Zoe Rogers had been its most recent victim if you listened to the whispers.
And it seemed that there were plans to add her to the ever-growing list.
Would her end be gruesome enough to make it on one of the Hollywood Scandal tours that over-charged tourists for a couple of hours in a hot and crowded bus?
One of the men walking ahead of her turned on the flashlight in his phone to look around the immediate area.
Classy.
The center of the old warehouse had been cleaned up. She could see enough of her surroundings thanks to the moonlight sneaking in through some broken glass in the window high above the warehouse floor.
The stage was one of the original ten that were constructed as part of the studio’s beginnings and had office spaces along one wall, complete with a catwalk that lead to the old rigging cages high above the floor.
All together it wasn’t as terrifying as if they’d dragged her out into the canyon, or the scrub brush on the top of one of the mountains.
Yep. Morose.
A single bulb clicked on a few feet away from the ladder in the center of the floor. An old ghost light with a bulb that flared and flickered as if it was almost more afraid of the dark than anything else.
A figure moved near the edge of the darkness and Blake suddenly realized what the light was afraid of.
“Hello, Blake.” The way Seth said her name, a few droplets of spit caught the light and sparkled at the edge of the darkness. “So kind of you to join us.”

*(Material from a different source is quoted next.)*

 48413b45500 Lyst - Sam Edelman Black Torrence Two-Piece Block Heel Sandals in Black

“Us?” The question wasn’t planned, just something she blurted out. She looked around the tight illuminated area and saw that Robert and Nolan had been joined by a third man. She didn’t know his name, but she wasn’t exactly interested in making acquaintances at the moment. “Is this a private party, or are we exp
ecting a few more folks before we have supper on the patio?”
The room answered her with silence.
Blake was okay with that for a moment or two, but when she started hearing her heartbeat thumping through her ears, she felt her skin start to tingle with worry.

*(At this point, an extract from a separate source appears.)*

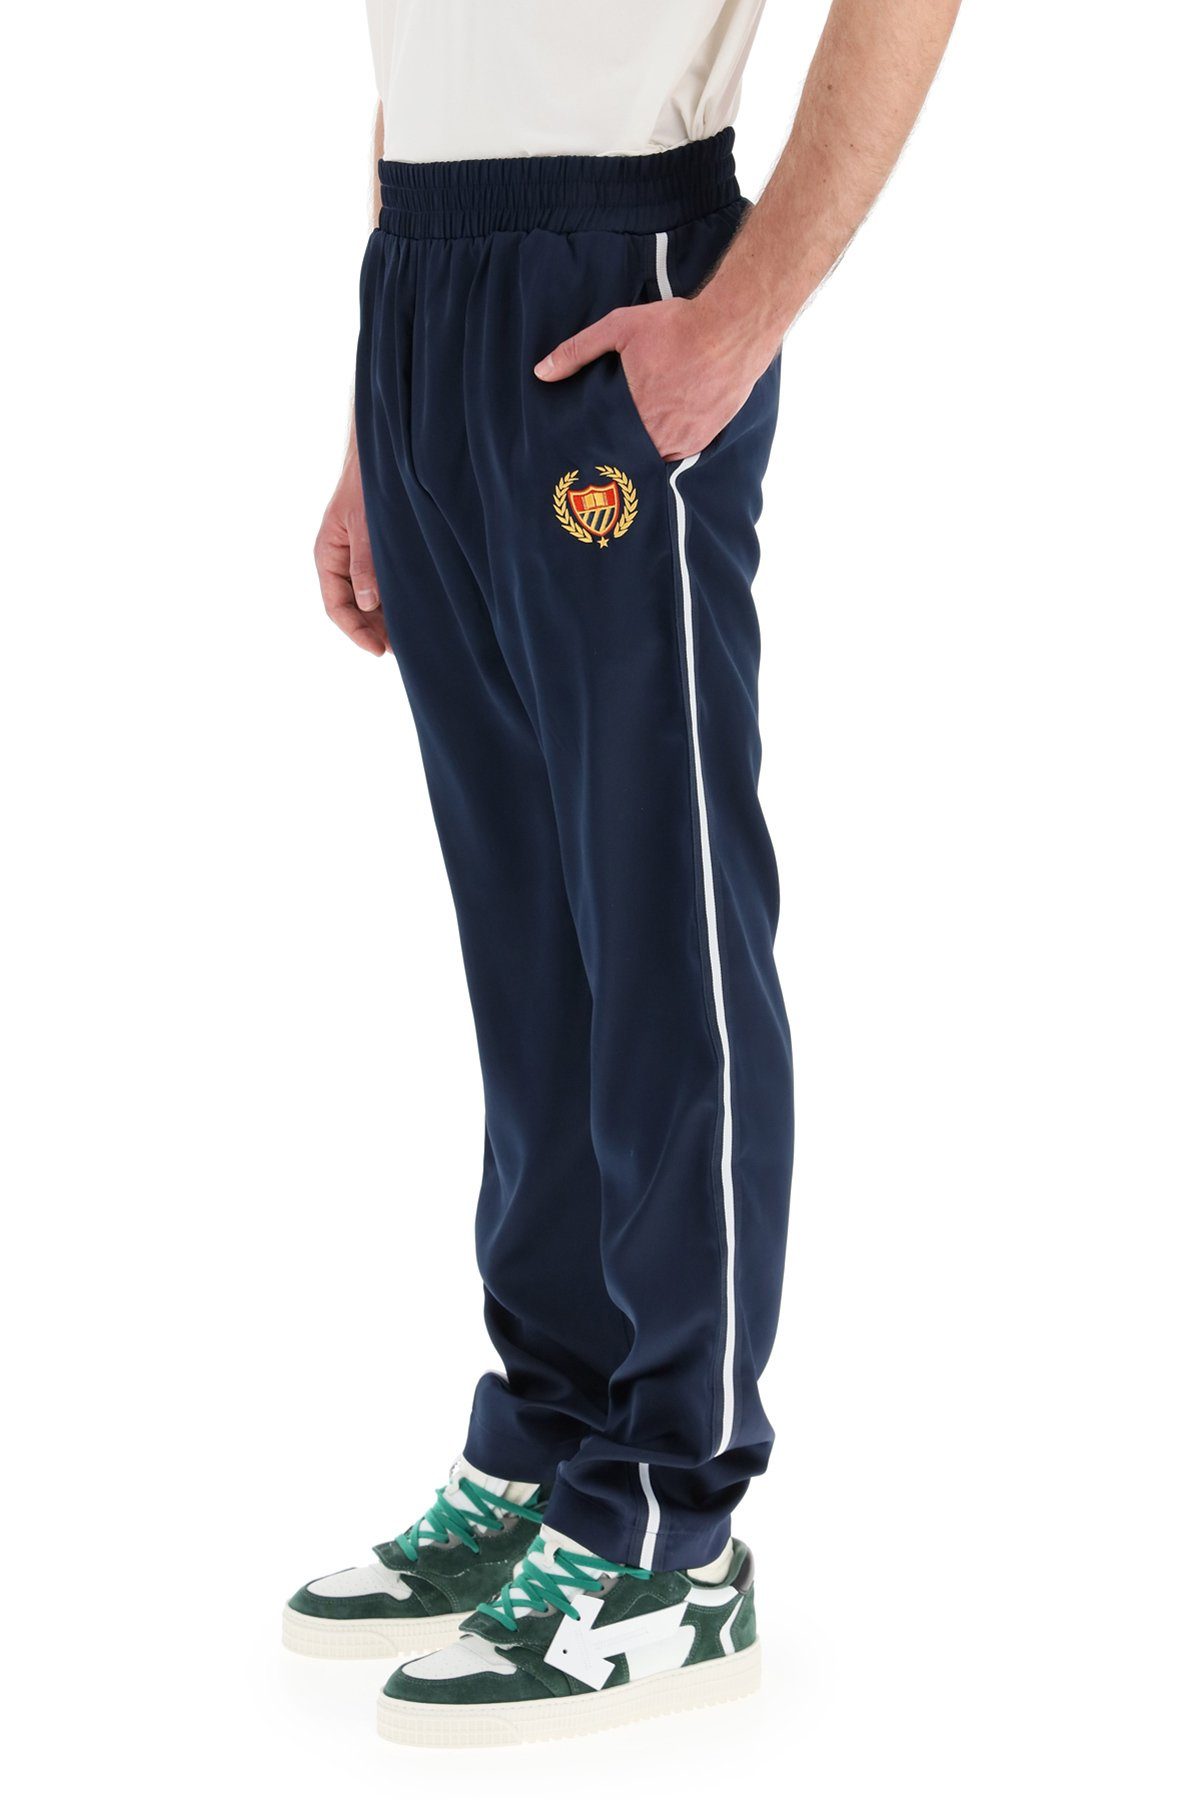 Bel-air athletics pantaloni sportivi trank

“Do you realize how much trouble you caused?”
He actually sounded put out.
“The amount of money it cost to track you, your car, and then all the way to Eagle Rock, Montana. I think I’m going to have to take that out of your salary, Blake. Consider it a fine.”
Forcing a smile, she played along. “Okay. That sounds fair.”

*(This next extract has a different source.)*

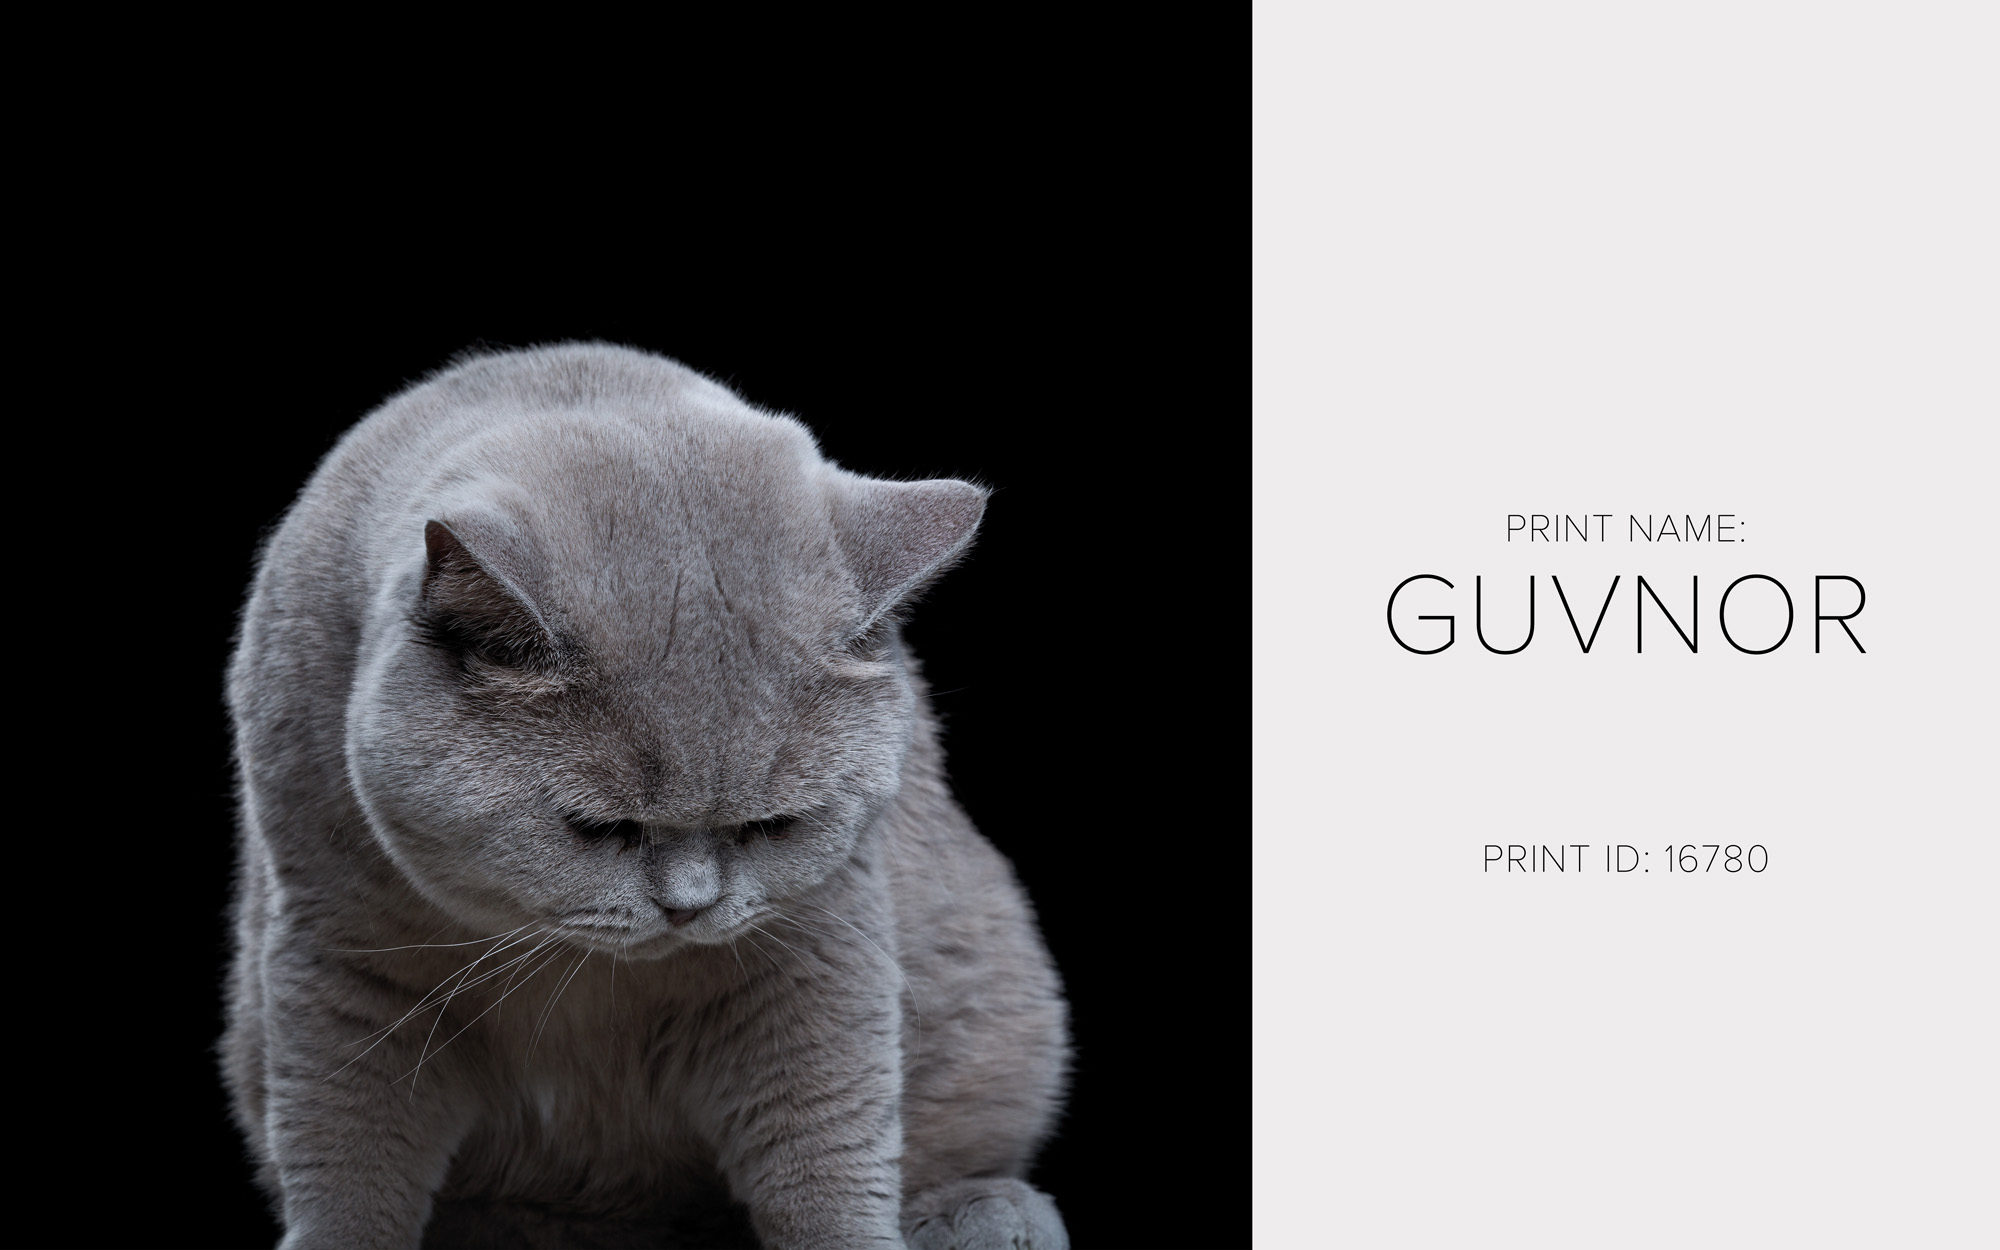 Guvnor_Thumb.jpg

Seth’s eyes were a little too bright in the darkness, but maybe it was just her imagination.
“You know, Blake,” he took a step closer, but his gaze was fixed on her face, “I hate to say it but I underestimated you. Looks like you’ve got a brain in your head. Color me surprised.”
Her smiled faded a little, but she was stubborn enough to keep her chin up as she looked him in the eye.
“Imagine my shock when someone from the Public Relations office came by looking for those glasses with the camera built into the frames.”
She had to remind herself to be calm. Or at least act like she was.
“And it occurred to me that you were wearing glasses the night you… stumbled into Zoe’s cabana where we were meeting.”
Her mouth went dry in an instant.
Meeting.
How could he say that with a straight face?
How could he talk about it like it was a meeting over coffee and scones at the coffee shop?
“I think you can guess what I’m going to ask you now, Blake.” He let the statement die in the coming silence. His eyes watched her closely. And she watched him right back. It was odd to look at him now where she was seeing his ‘third’ face. The first had been flushed with the pink of rose-colored glasses full of Hollywood magic.
The second had been the cruel face of a man determined to take what he wanted and try to destroy her self-worth in the process.
And this third face wasn’t any better, as if he’d finally let any pretense fall away. She got to see the real man under the three-thousand-dollar suit and Armani tie.